En 1901 est fondée la Baugenossenschaft von Beamten von Metz und Umgegend, ou Société d’Habitat des Employés de Metz et Environs (SHEME) : il s’agit d’une société immobilière coopérative (...) dont les sociétaires versent des parts sociales afin de pouvoir jouir d'un logement dans leur collectivité4 . Les logements qu'elle proposait disposaient tous d'excellentes commodités de confort et d'hygiène ; ils étaient réservés à des employés, fonctionnaires ou assimilés. La SHEME existe toujours : elle gère aujourd’hui encore, et selon les mêmes principes, trois ensembles de logements sociaux. L’un, la Hohenlohehaus, rue de Queuleu, a été construit en 1905 par l’architecte Richard Fleischer. Les deux autres sont au Sablon.

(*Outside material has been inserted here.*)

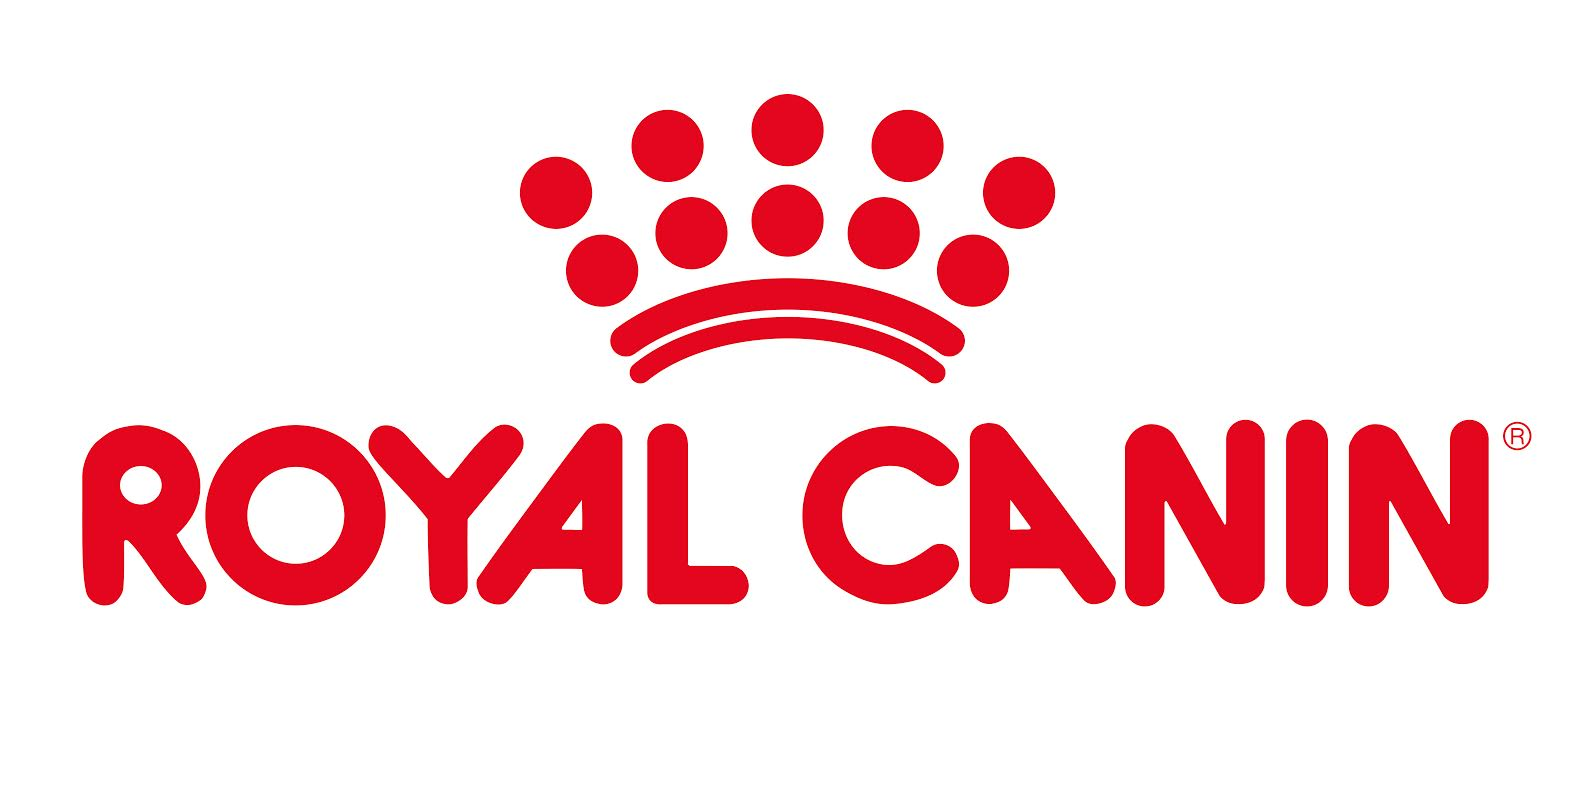 Bildresultat för royal canin logga

- La Colonie Richter5, est située rue Saint-Pierre, rue Auguste Prost et rue d’Hannoncelles. La SHEME fit intervenir deux architectes messins, Joseph Runcio et son associé Henri Schömer. Leur projet, qui comprenait deux groupes d'immeubles autour de jardins collectifs, fut réalisé en 1905. L'esthétique des bâtiments, très soignée, suivait l'éclectisme en faveur chez les architectes de l'époque, et particulièrement Runcio. Les façades du premier groupe, rue Saint-Pierre, mêlent les réminiscences du gothique, de la Renaissance d'Allemagne du sud et du baroque. A l'angle des rues Saint-Pierre et Gardeur-Lebrun, la superbe Zwiebelturm est couronnée d'un bulbe dont le remplacement a suscité dernièrement l'intérêt des Messins6. Coté jardin, les balcons sont garnis de belles ferronneries Jugendstil. Le second groupe, rue d’Hannoncelles, adoptait un style néo-renaissance plus sobre et plus classique.

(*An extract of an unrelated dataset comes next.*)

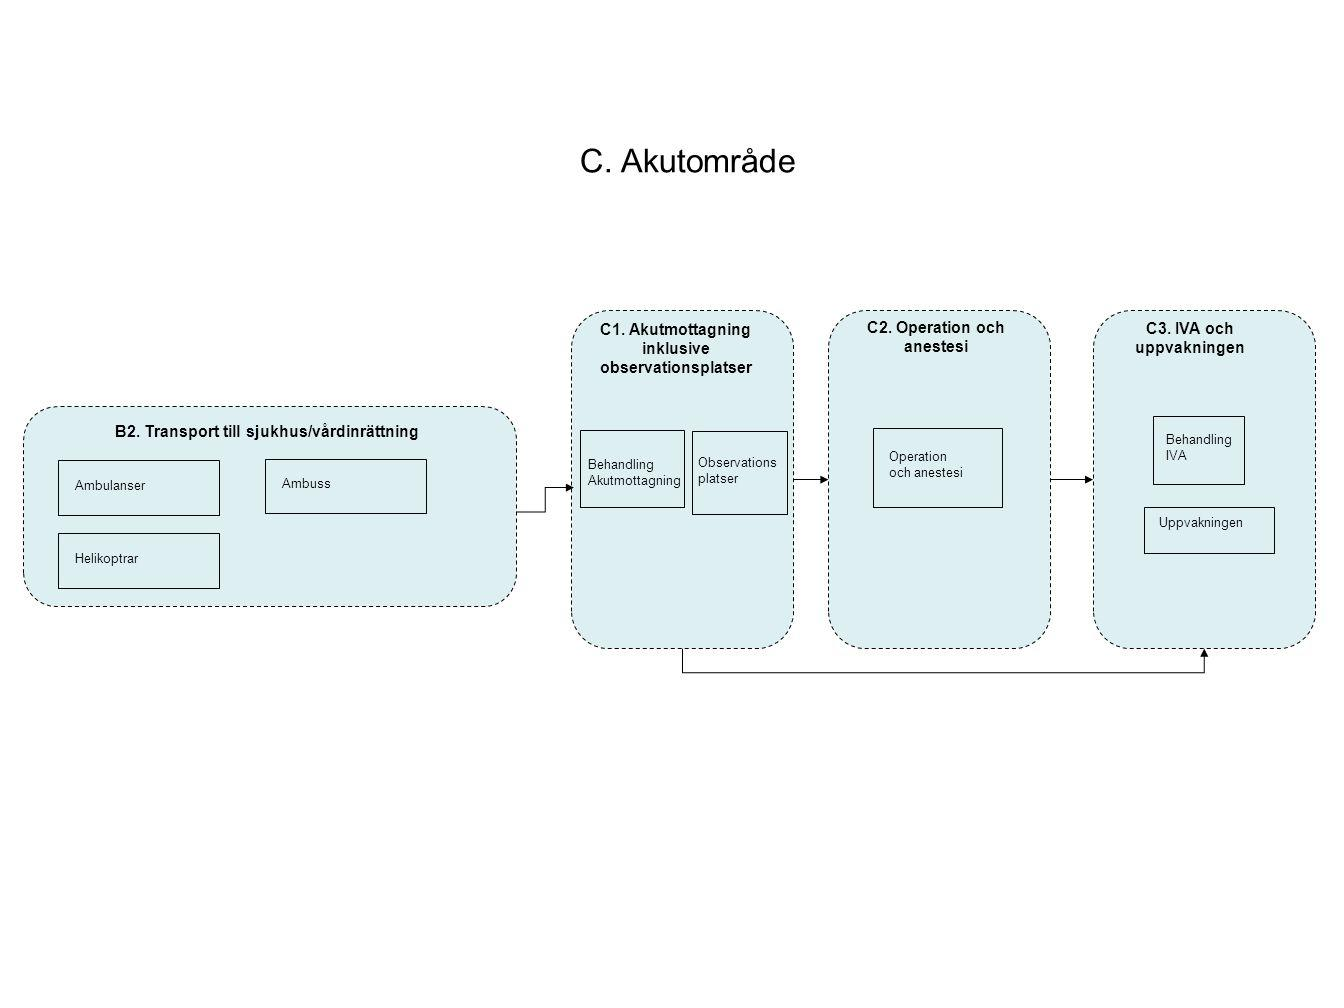 B2.Transport till sjukhus/vårdinrättning Ambulanser HelikoptrarAmbuss D.

- Rue Gardeur-Lebrun, la Neue Kolonie, fut réalisée en 1909 au sud de la Colonie Richter. L’architecte gouvernemental Karl Elkart et l’ingénieur Karl Harrer en avaient dressé les plans, qui furent revus par Richard Fleischer. La disposition est ici différente puisqu'il s'agit de maisons accolées de part et d'autre d'une rue mais, comme ailleurs, les architectes ont accordé toute leur attention à la modernité des logements et à la beauté des façades.

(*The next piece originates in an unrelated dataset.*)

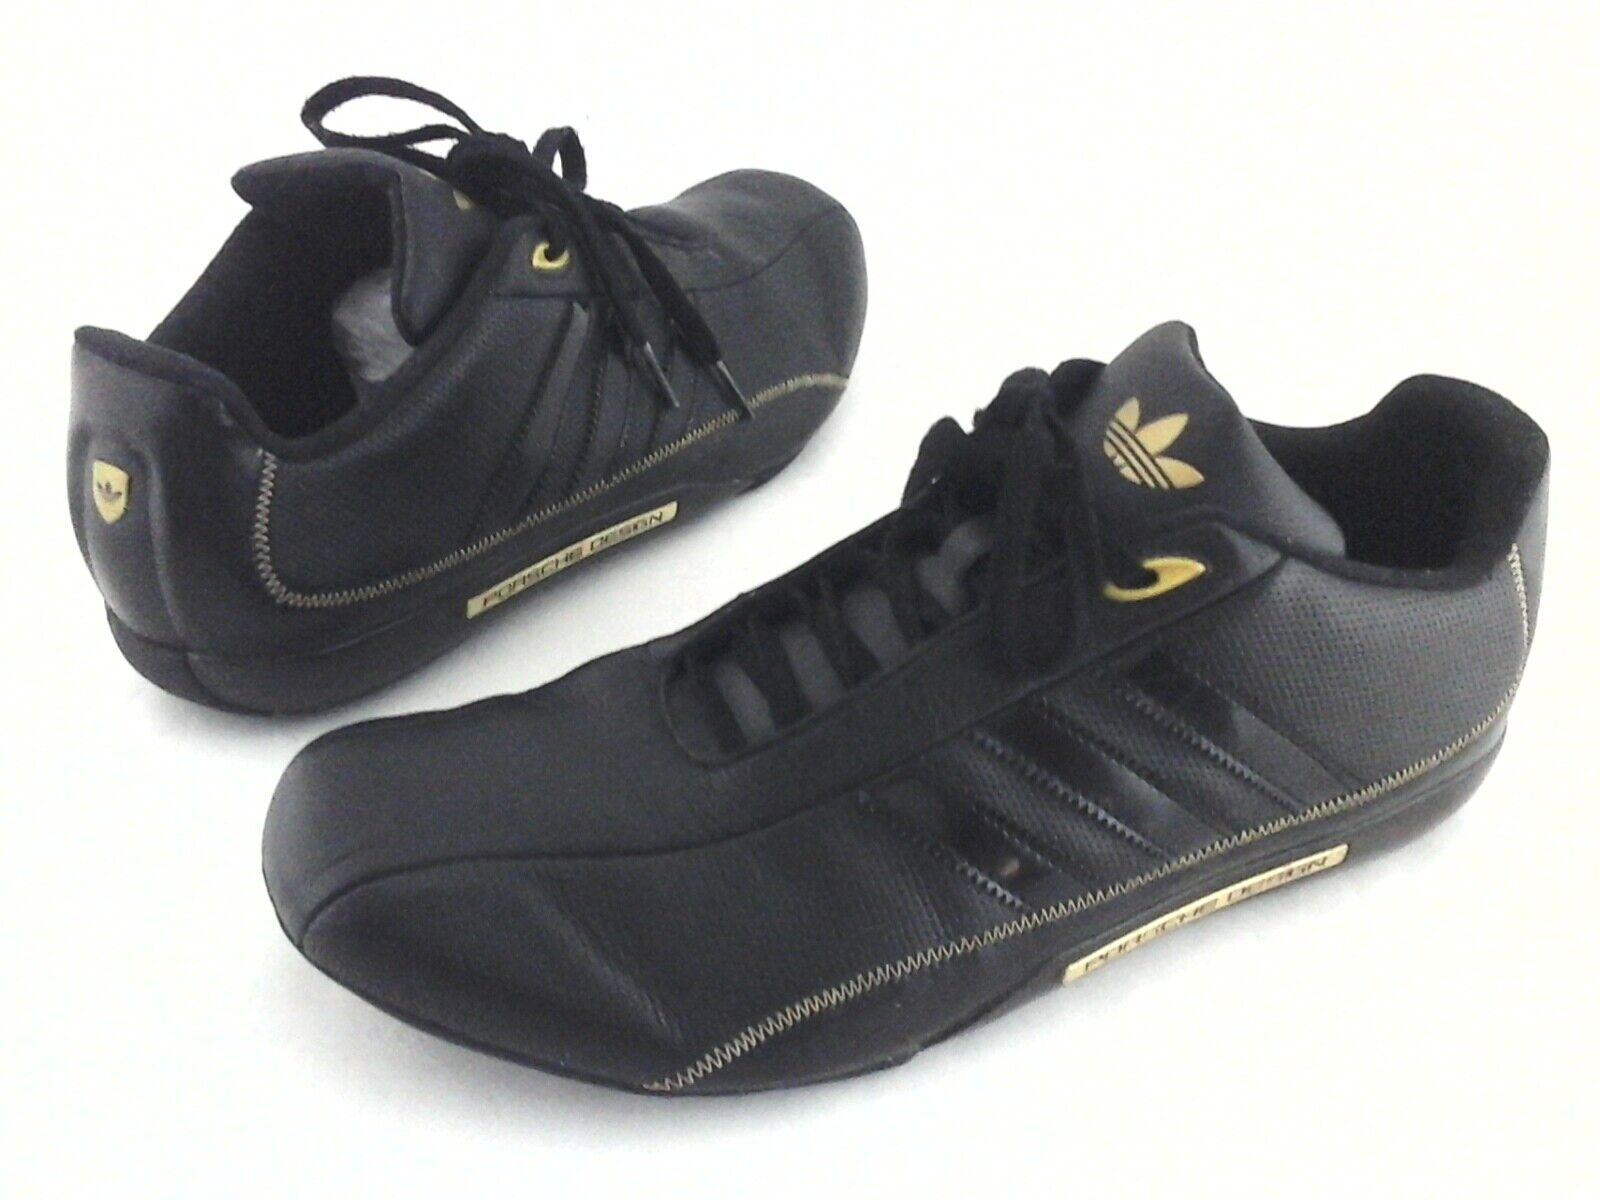 Adidas PORSCHE 2007 Conducción Zapatos Negro W DESIGN oro 024570 para Hombre US 9  3

  • 1. Lehrerseminar, actuelle École supérieure du professorat et de l’éducation.
  • 2. Cf. C. PIGNON-FELLER, L’Habitat collectif et social à Metz au début du XXe s., Mémoires de l’Académie de Metz, 2004.
  • 3. Voir ci-dessous.
  • 4. Cf. C. PIGNON-FELLER, L’Habitat collectif et social à Metz au début du XXe s., p. 147.
  • 5. Le nom vient du Dr Richter, qui facilita l’accès au prêt pour l’achat du terrain.
  • 6. Cf. Un chantier architectural aux petits oignons, Le Républicain Lorrain du 9-10-2015. Je tiens à remercier la SHEME pour les photos de cette opération ; certaines sont spectaculaires.